Skill 4.10: Story Structure Styles

Do not go crazy at this point, if this seems like minutia and you are already overwhelmed. I’m simply sharing a few methods below that authors consider and utilize in setting up the story–how it will be told. So many new authors have uttered the words, “I’m not sure where to start.” Sometimes, the answer won’t appear until you are staring at the completed first draft. Just read the options below, so that it sits gently upon your mind, and move on. Down the road, it’s fun and useful to consider the structure and starting point and attempt to have “form follow function”–meaning that if you can, use the structure to help further the plot or enhance the reading experience.

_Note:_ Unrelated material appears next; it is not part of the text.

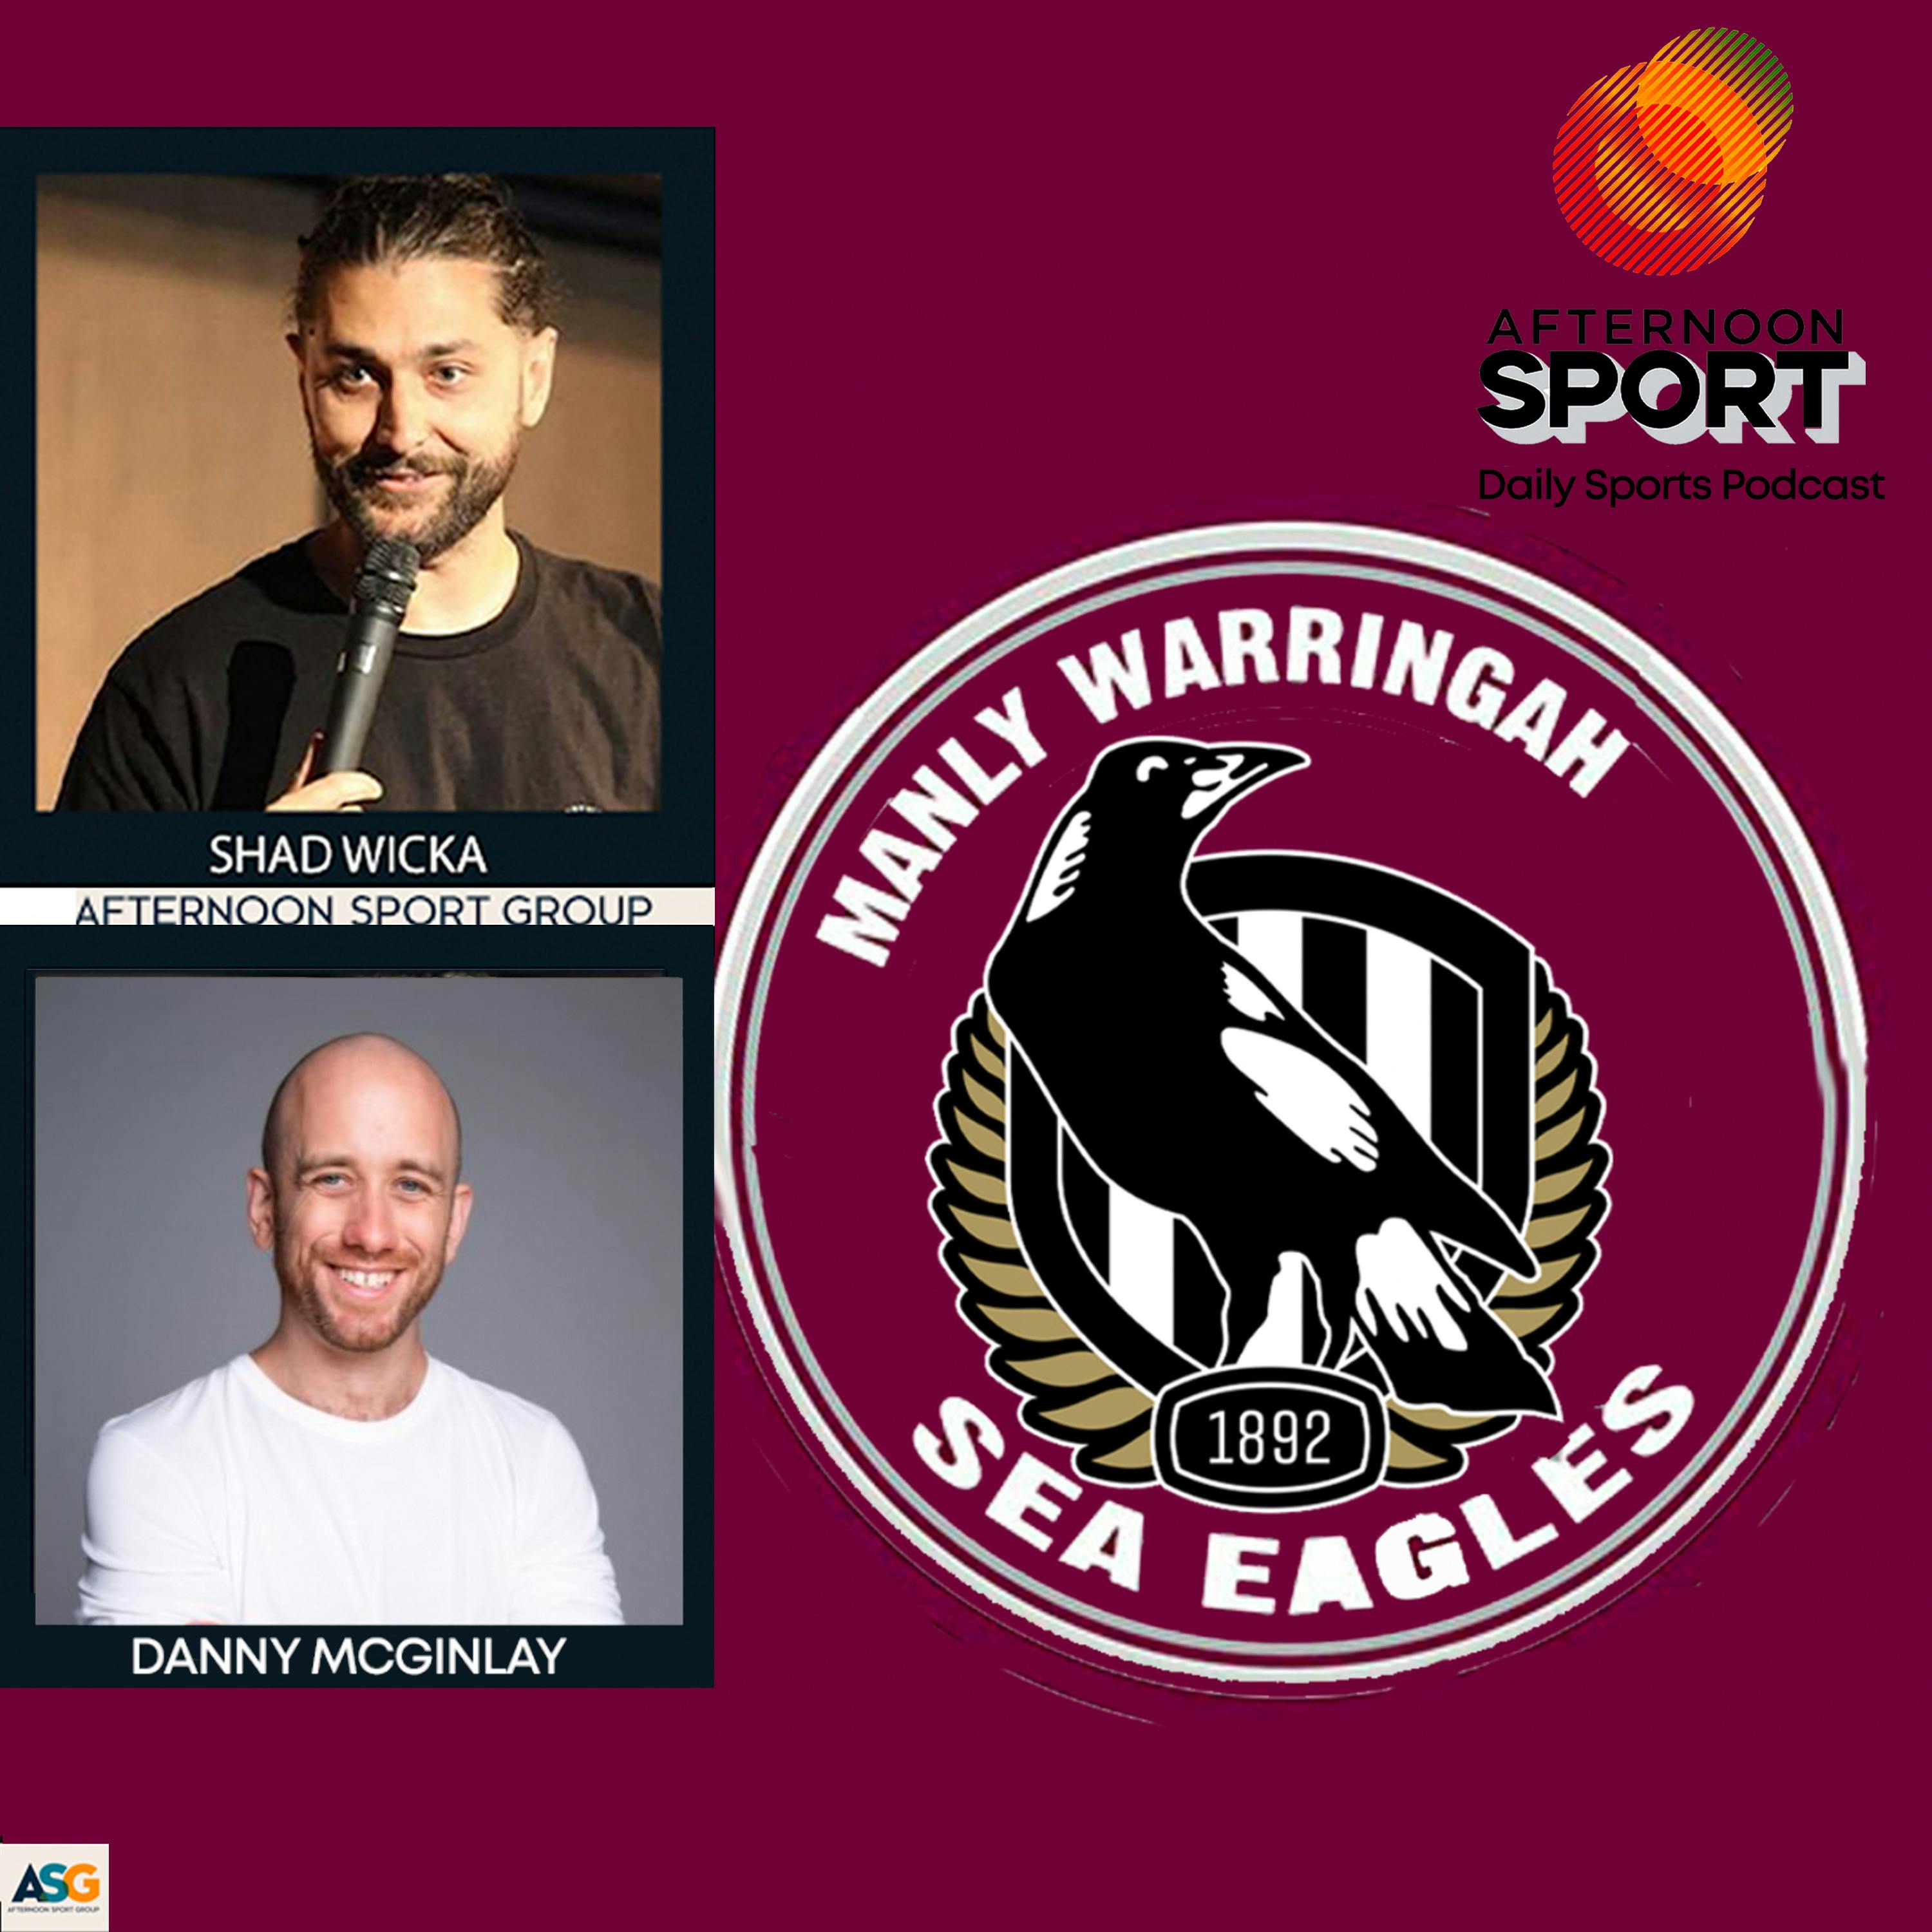 27th June Shad Wicka and Danny McGinlay: Women Ashes are ours, Hollywood buys into sport, AFL conspiracy, Manly are the Collingwood of NRL + more!

  • Chronological: The story is told from one event to the next, in order, from start to finish. More examples than I can mention.
  • Envelope: Begins at the end. Returns to the past and the story is then related moment-by-moment, often by an omniscient narrator who has already lived it, until we reach the same moment where the story began and continue on from there.

Example: Sunset Boulevard The narrator opens the story by telling us he is dead and there is a body floating in a pool. The narrator then backs up to the beginning to tells his story of how he ended up there.

  • Anachronistic: The story is told out of time order. This is tricky, but useful with certain stories.

Example #1: The Autobiography of Alice B. Toklas by Gertrude Stein. This is, in fact, the autobiography of Gertrude Stein. Alice B. Toklas was Stein’s lover. Living in Paris and influenced by her Cubist artist friends (including Picasso), Stein wrote her biography in a Cubist manner. She jumps from place to place in disjointed fashion, much like the misplaced body parts on a Picasso painting. She starts a chapter with a promise of explaining one event, only to jump to another.

Example #2: William Faulkner’s The Sound and the Fury. At times, Benjamin “Benjy” relates the story—but he is mentally challenged, so his mind jumps from event to event or melds them together. Some of his narration is like a dream—a “stream of consciousness” without commas, periods or clarity. There are, however, four (4) parts to the story—four narrators. Each section of the book is from the POV of another character. In this way, we learn of the same event from different POVs: Benjy, Quentin, Jason, and Dilsey. As you can see, Faulkner used this structure for a reason (but—side note—even he knew it would be a tough read, so used italics in parts to indicate time shifts—still, it’s a tough read).